El Capitan Foods hero image

El Capitan Foods

Custom MCU control rigs for an old tortilla-chip production line

Overview

El Capitan Foods

Custom MCU control rigs for an old tortilla-chip production line

A Summer and Fall at a small startup retrofitting an old tortilla-chip production line — cutting, baking, frying, seasoning, weighing, bagging — with custom microcontroller setups built on protoboards.

The work was hands-on: spot bottlenecks, poll the employees, understand the corresponding machine, design a device to address the problem, solder it together, and get it to behave on the line.

Design Room

I can't show show images from in the factory, but I can show my device development. This is my office. Also the conference room, kitchen, and occasionally bedroom. Startup, what can I say.

Retrofiting Equipment

Some setups interfacing PLC machinery, some were purely sensor driven.
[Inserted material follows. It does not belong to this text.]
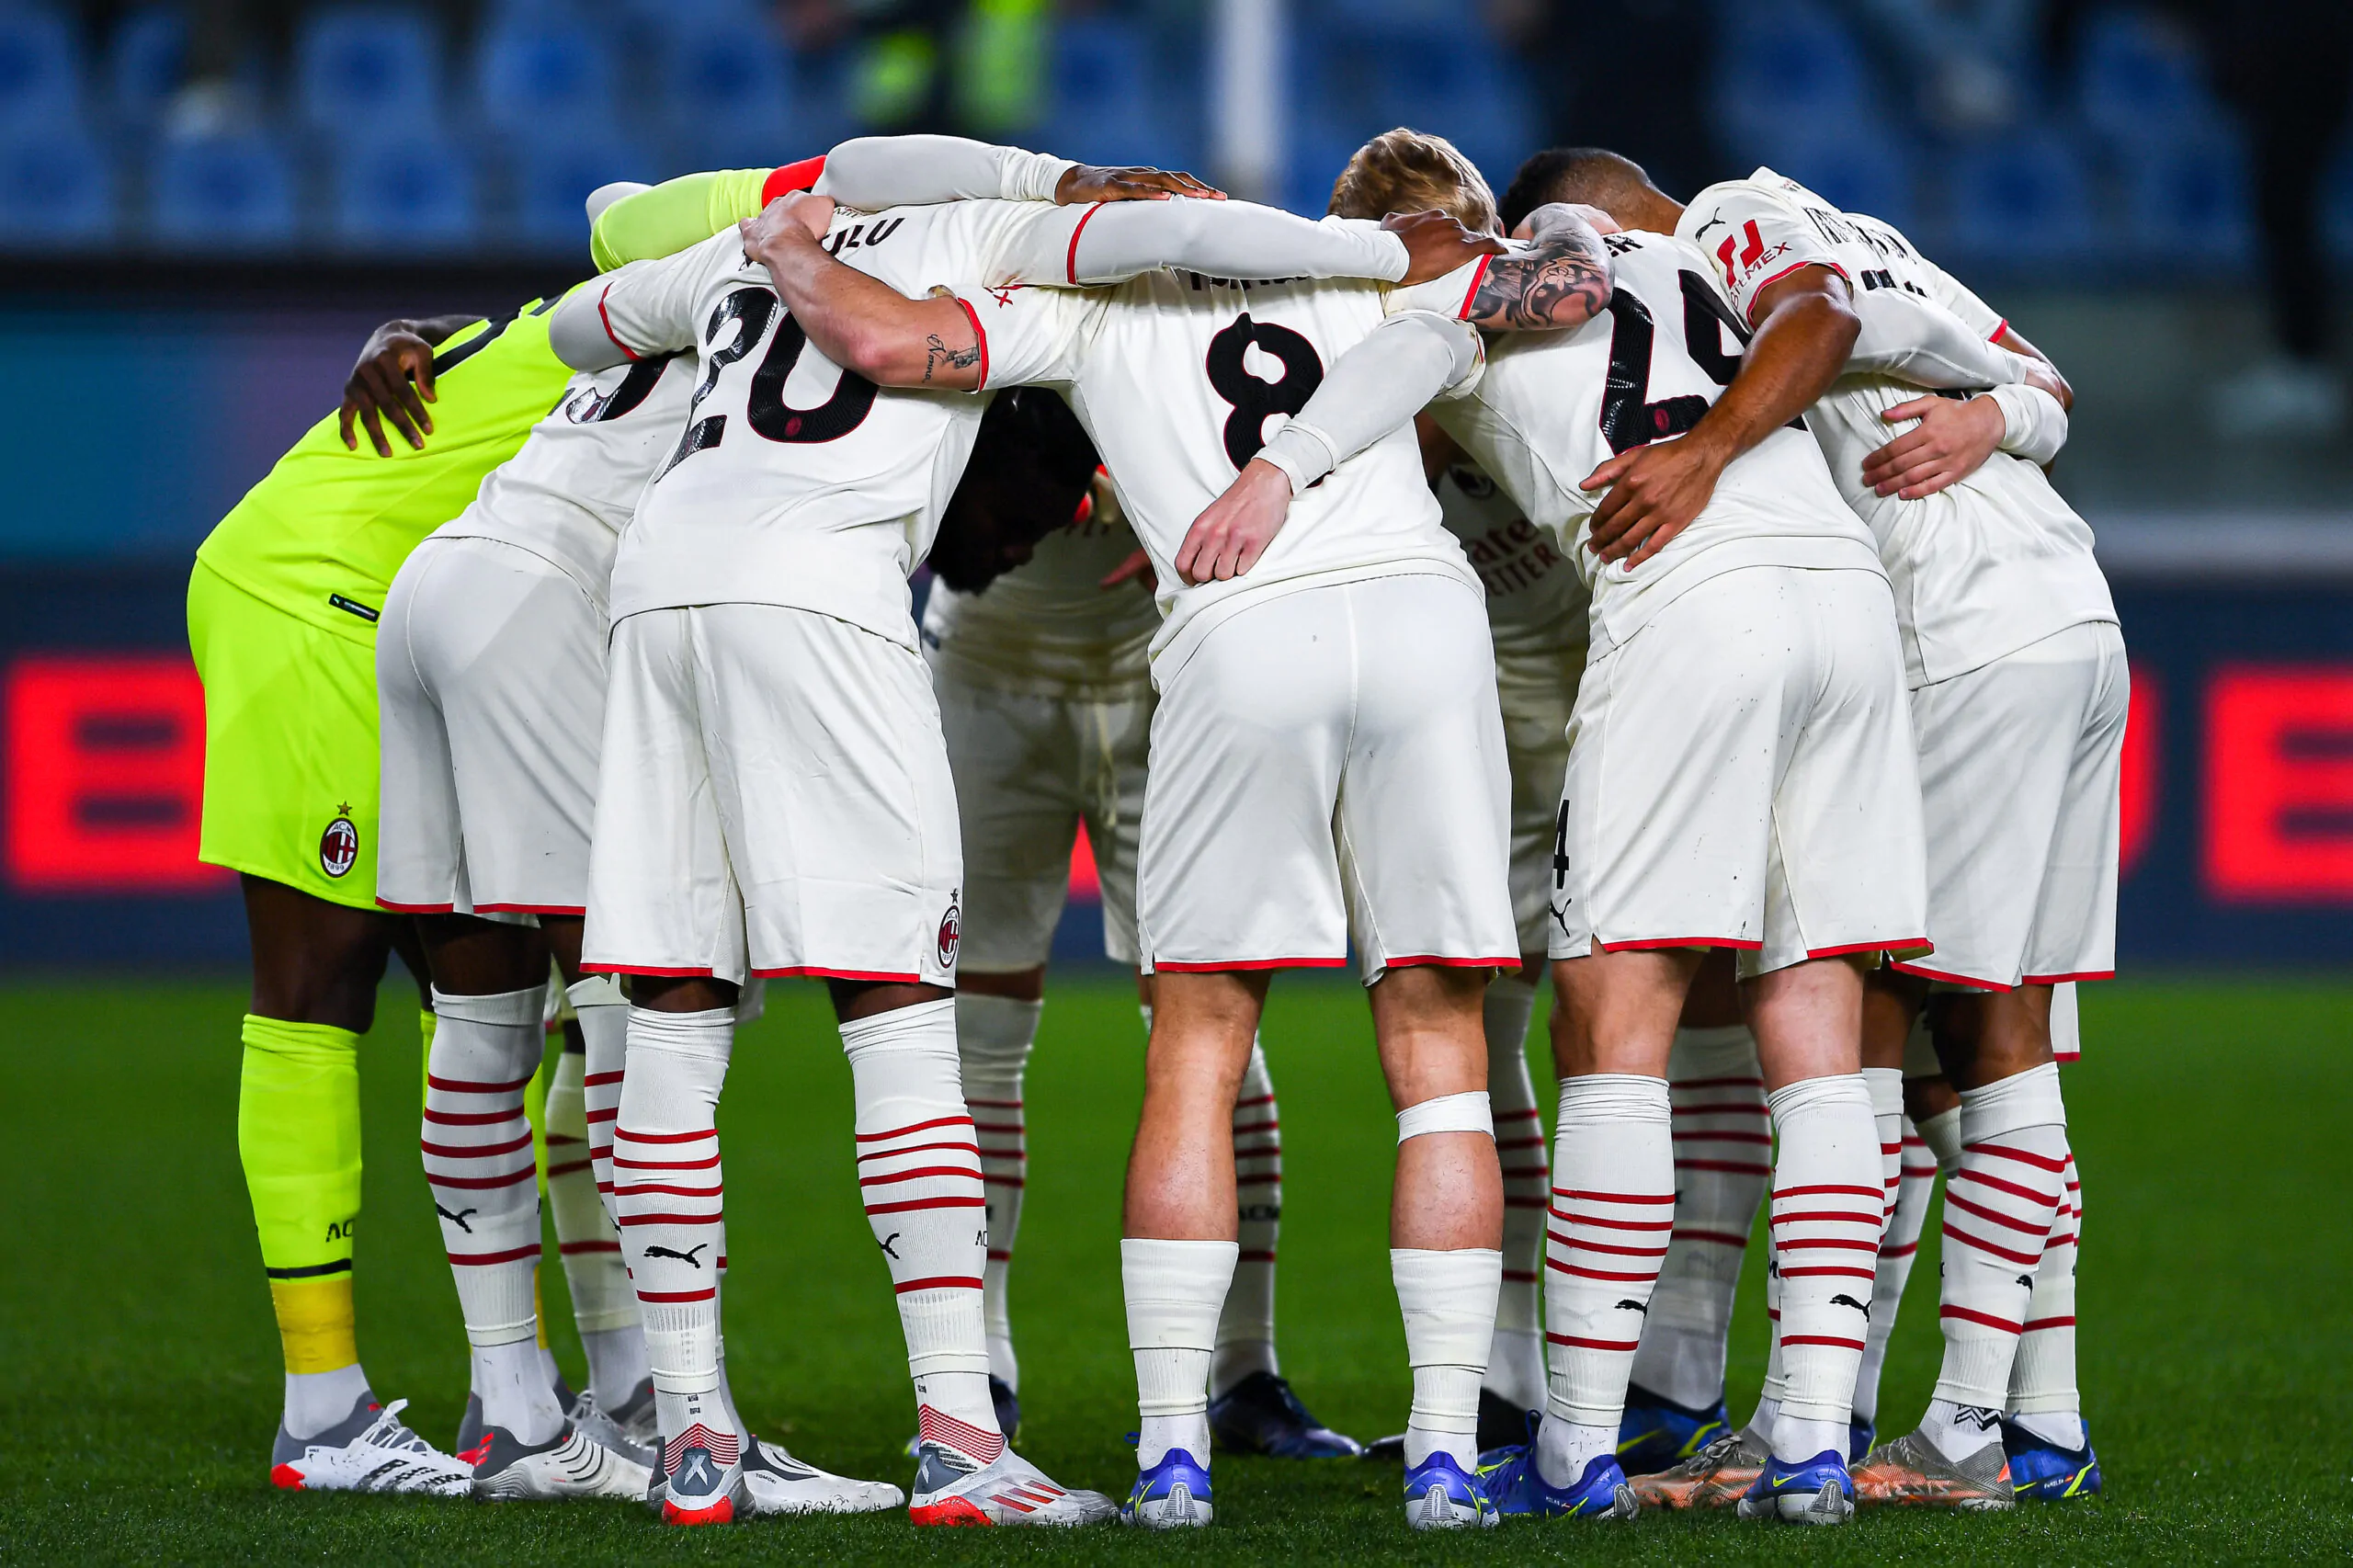 “Il Milan si sta godendo un grande giocatore”, le parole dell’allenatore sul talento rossonero

This image was the board I used control nitrogen flushing of the chip bags right before they were sealed by the bagging machine. It received feedback from an ultrasonic sensor and an inductive proximity switch and controlled a solenoid valve to coordinate bursts of pressurized nitrogen with the bagging machine.

Protoboards in production

The control rigs were custom MCU setups on protoboards — not pretty, but expected to run reliably in a real production environment. To the right is the board for the custom seasoning machine I built. Brushless smart motors, relay circuit, raspberry pi, numeric control pad.

An internship of getting my hands dirty: real machines, real soldering, real production constraints.